At the heart of most scientific applications is a PDE solver, which evolves, timestep by timestep, the solution of the Partial Differential Equations. As scientific simulations move towards very large scale, `soft errors' become a limiting issue. These arise from random bit flips in memory cells, on data paths in the memory hierarchy, and within the CPU. On very large scale systems, their sheer size increases the frequency of such faults to well within the execution time of the simulation. These soft errors are silent (generally do not cause exceptions) but cause errors to propagate through the data fields as the simulation evolves.

One of the simplest and most common  PDE solver is for advection, which for example can be used to model the transport of air, water and waves. 3D versions of this problem are by far the most important use case.

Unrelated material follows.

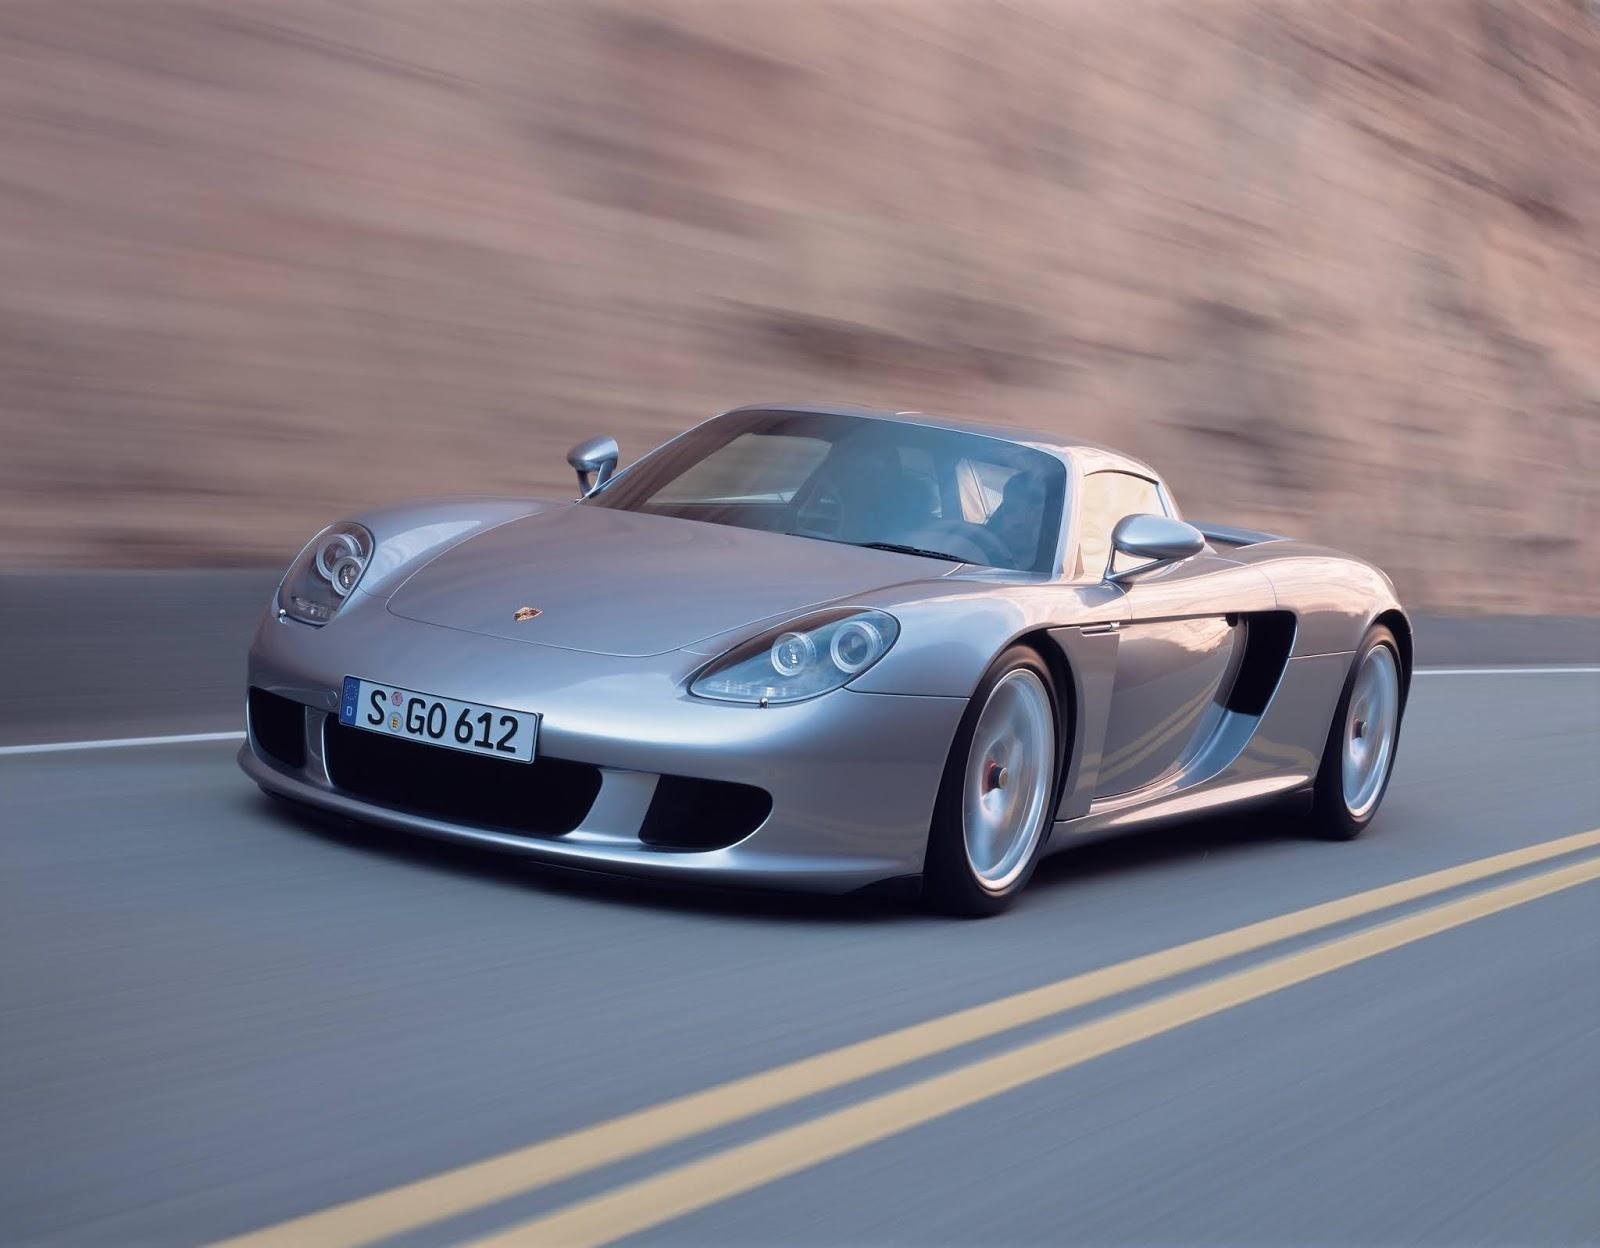 P03 0559 a4 Porsche Carrera GT : Ένα αγωνιστικό LeMans, για το δρόμο Carrera GT, Porsche, Porsche Carrera GT, retrocar, retrocar sunday, supercar, zblog

Robust stencils is a general technique to make (stencil-type) PDE solvers tolerant to soft faults. It involves computing each updated point in the simulation in a way that any corrupted point in the neighborhood is avoided. The techniques has been very recently demonstrated on 1D and 2D advection and other solvers, and proved competitive against established methods (Triple Modular Redundancy) . But no robust stencil have yet been developed for 3D solvers!


The goal of this project is to derive 3D robust stencils for advection, implement them and evaluate against competitor methods (e.g. TMR). Use can be made of an existing code base for a(normal) 2D/3D advection solver. Derivation involves taking a `cross product' of 1D stencils - the procedure uses straightforward algebraic techniques but is complex. If successful, the work should be publishable.


Stromg programming ability in C/C++, and a strong aptitude in basic mathematics.

Background Literature

Peter Strazdins, Brendan Harding, Chung Lee, Jackson R. Mayo, Jaideep Ray, and Robert C. Armstrong. A Robust Technique to Make a 2D Advection Solver Tolerant to Soft Faults, Procedia Computer Science, Volume 80, 2016, Pages 1917--1926 (International Conference on Computational Science, San Diego, Jun 2016).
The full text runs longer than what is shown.